Re: [mpls-linux-devel] Re: 2.6 Spec: Random comments.

SourceForge Headquarters 225 Broadway Suite 1600 San Diego, CA 92101 +1 (858) 422-6466

On Fri, 2004-02-13 at 12:12, James R. Leu wrote:

> > >From user space this would look like:
> > 
> > l2c mpls ilm add dev eth0 label 22 nhalg roundrobin nhid 2 nhid 3 nhid 4
> 
> What about adding a new func ptr to the protocol driver.  Then we could
> do protocol dependent stuff like hashing the IPv4|6 header or ethernet
> header (ethernet over MPLS).

Ok, so you are looking at only IP packets at the edge of an MPLS
network. Describe a little packet walk. Are you planning to 
not use the ECMP features?

> The task is trival if the stack only has one label, for more then one label
> we would have to be creative.  Hashing the label stack, or use the PW ID
> (suggestion in PWE3 WG which adds a word after the labelstack to indicate
> what protocol lies below.)  The PW ID could be used to lookup the protocol
> driver to generate the hash.

Point me to some doc if you dont mind. Is this for some of the VPN
encapsulations?

> Or of course we could just add an options for which algo to use.

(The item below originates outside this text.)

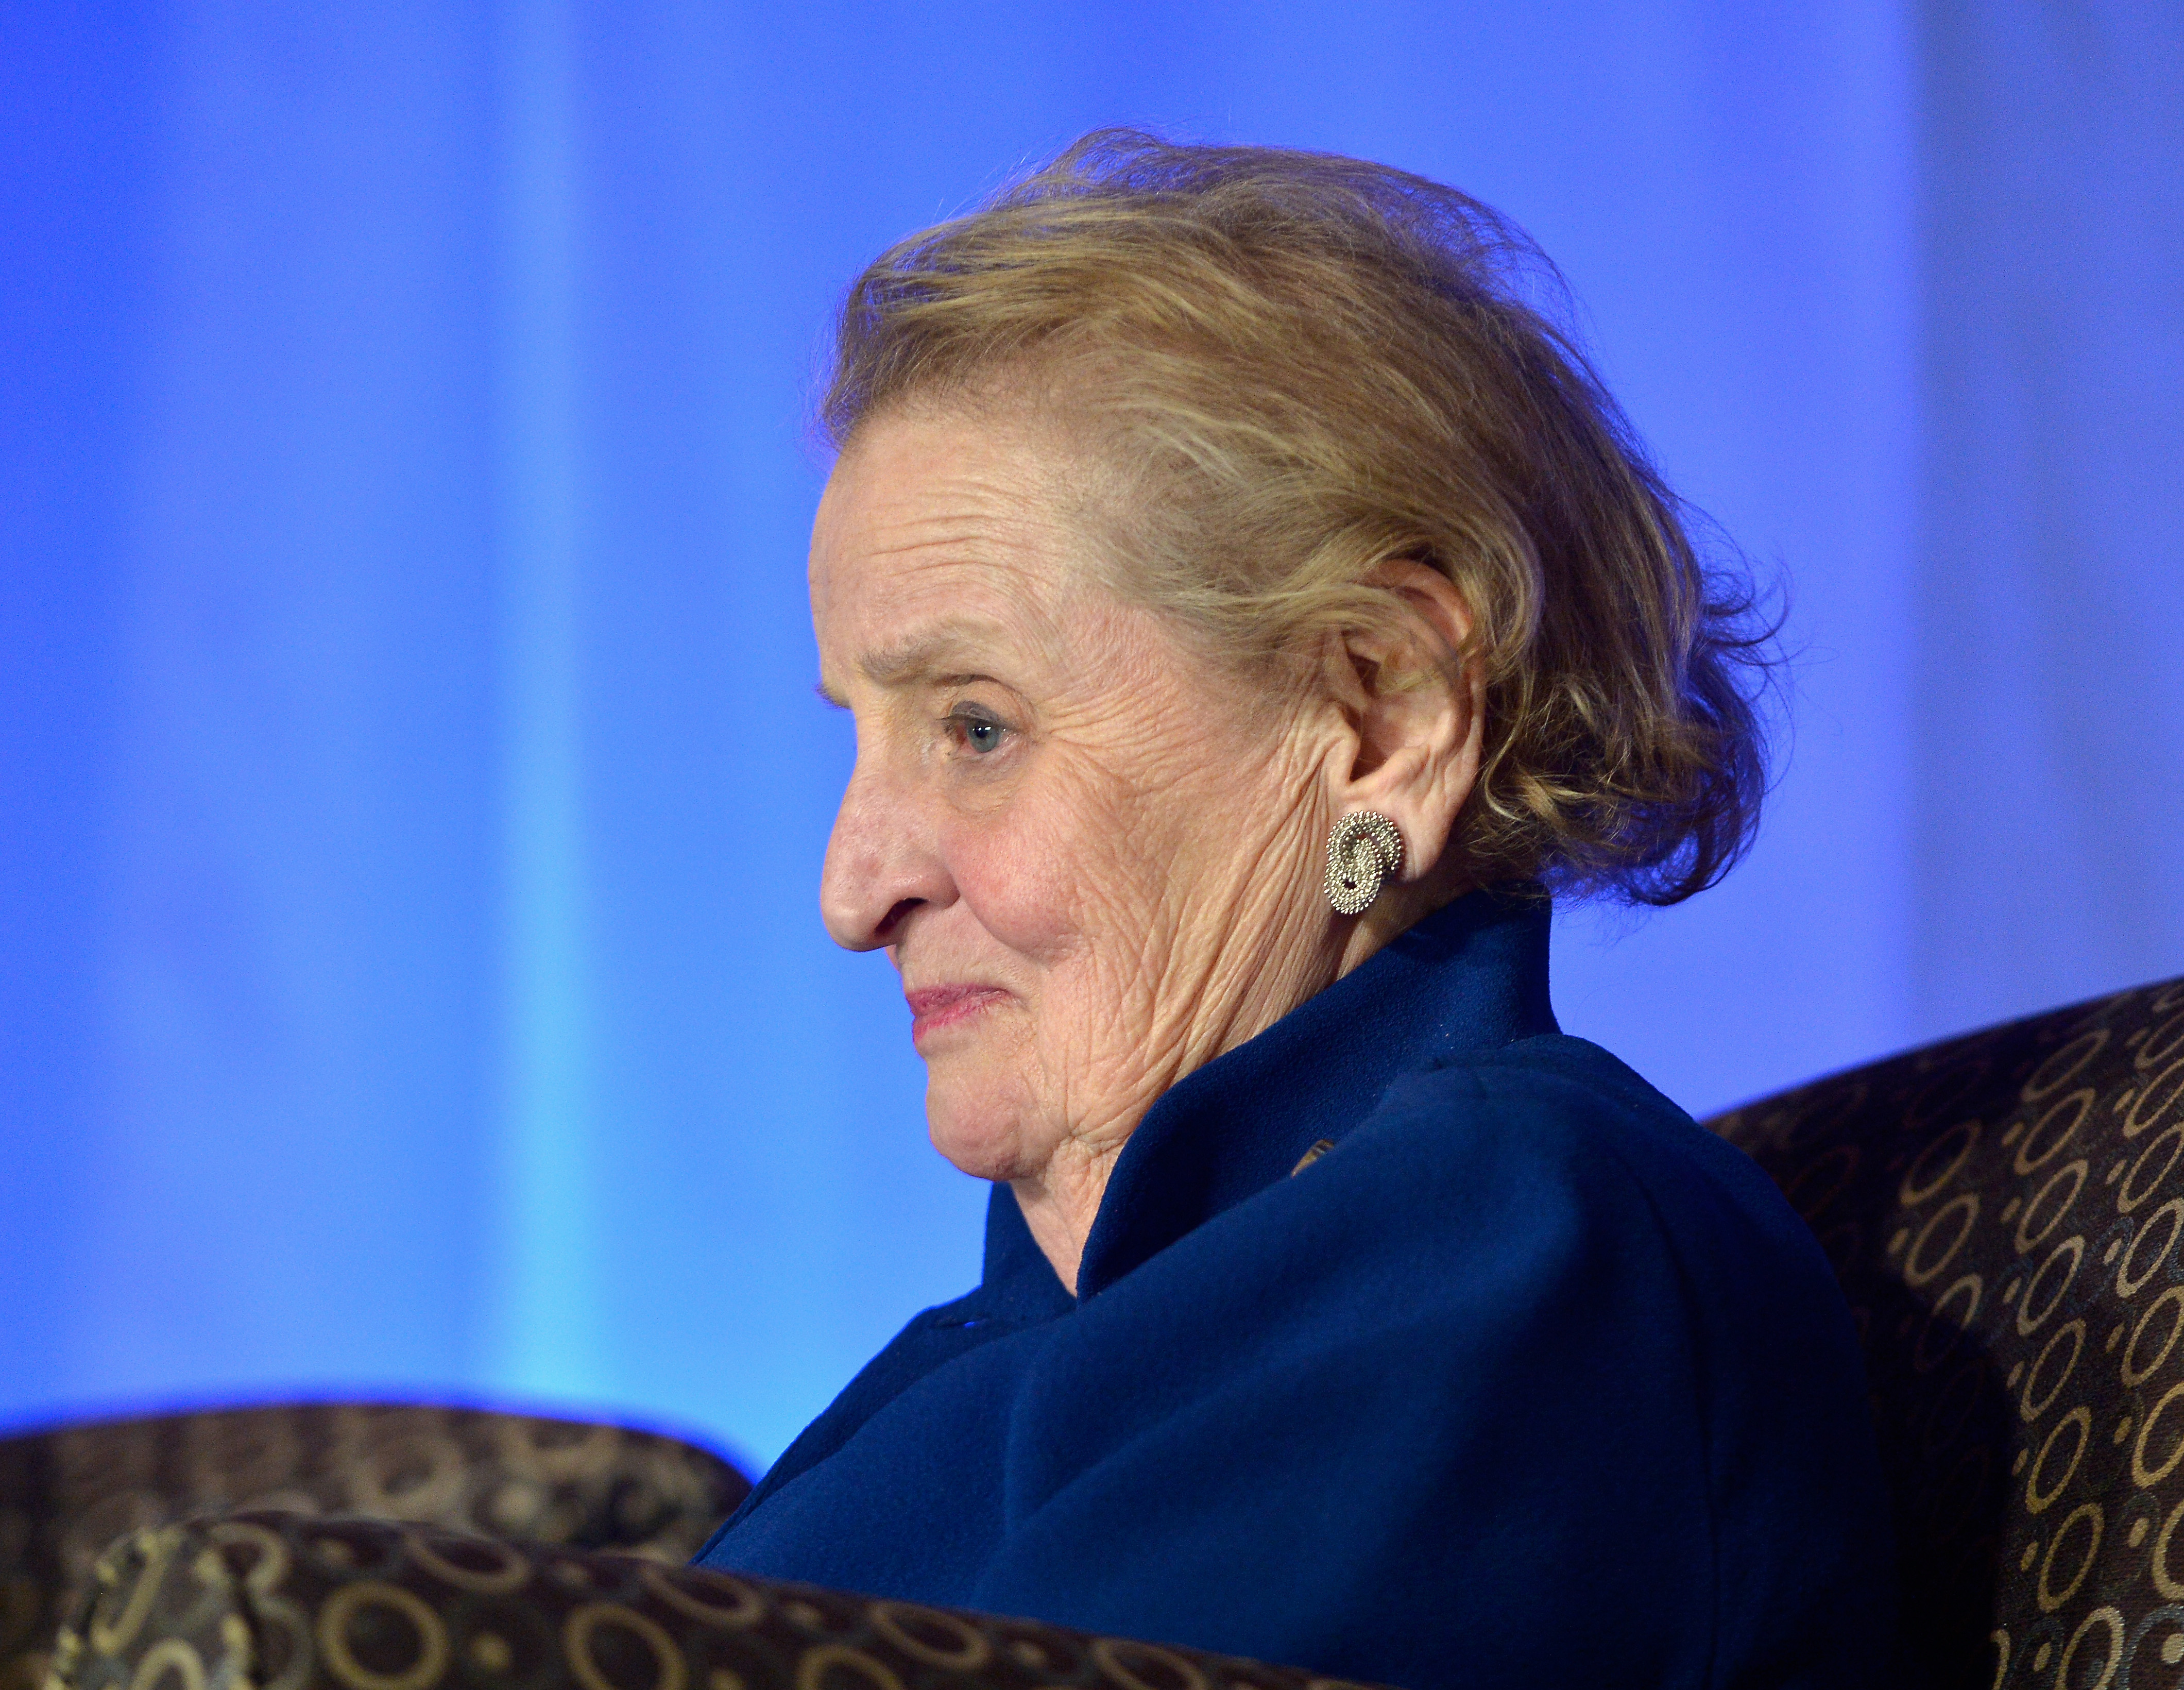 Former U.S. Secratary of State Madeleine K. Albright speaks at the Albright Institute Presents 'A Public Dialogue: Addressing Global Inequality' at Wellesly College in Wellesley, Mass., on Jan. 31, 2016. (Paul Marotta)

Note what i suggested is only for ILM level; And there you could add any
algorithms you want. With the protocol driver are you suggesting to do
something at the IPV4/6 FTN level only?

> Here are some snippits.  I think XFRM may remove the need for these,
> but for now it works.

> Setup the dst stacking
> ----------------------
> 
>     net/mpls/mpls_output.c
> 
>     int
>     mpls_set_nexthop (struct dst_entry *dst, u32 nh_data, struct spec_nh *spec)
>     {
>             struct mpls_out_info *moi = NULL;

I take it mpls_out_info is an nhlfe entry?

>             MPLS_ENTER;
>             moi = mpls_get_moi(nh_data);
>             if (unlikely(!moi))
>                     return -1;
>                                                                                     
>             dst->metrics[RTAX_MTU-1] = moi->moi_mtu;
>             dst->child = dst_clone(&moi->moi_dst);
>             MPLS_DEBUG("moi: %p mtu: %d dst: %p\n", moi, moi->moi_mtu,
>                     &moi->moi_dst);
>             MPLS_EXIT;
>             return 0;
>     }
> 
>     mpls_set_nexthop is called from ipv4:rt_set_nexthop and from
>     ipv6:ip6_route_add (I have a 'special nextop' system developed which
>     would be replaced by XFRM).  It is very similar to your RTA_MPLS_FEC,
>     but has 2 pieces of data a RTA_SPEC_PROTO and RTA_SPEC_DATA.  It is
>     intended for multiple protocols to be able to register special nexthop.
>     Right now only MPLS registers :-)  Again I have every intention of
>     ripping it out in favor XFRM.
> 
> Using the dst stack
> -------------------
> 
>     net/ipv4/ip_output.c
> 
>     static inline int ip_finish_output2(struct sk_buff *skb)
>     {
>             struct dst_entry *dst = skb->dst;
>             struct hh_cache *hh = dst->hh;
>             struct net_device *dev = dst->dev;
>             int hh_len = LL_RESERVED_SPACE(dev);
> 
>             if (dst->child) {
>                     skb->dst = dst_pop(skb->dst);
>                     return skb->dst->output(skb);
>             }
>     ...
> 
>     Something very similar exists in net/ipv6/ip6_output.c ip6_output_finish() 
> 

On the outset this does look a bit cleaner but i would have to ping my
brain on Daves approach. Take a look at his code.
Q: Can you stack more than one of those dsts? If yes, then it may be
even safer to have the nhlfe_route in the dst instead, no?
i.e how sure can you be that child will be MPLS related; in other case
it is guaranteed to (it does say dst->xxmplsxx).
There are a few pieces for the current approach that i didnt like ;
example the net_output_maybe_reroute() thing. Or having to mod dst.c
to add ifdefs for MPLS. There could be a marriage of the two approaches
maybe?

cheers,
jamal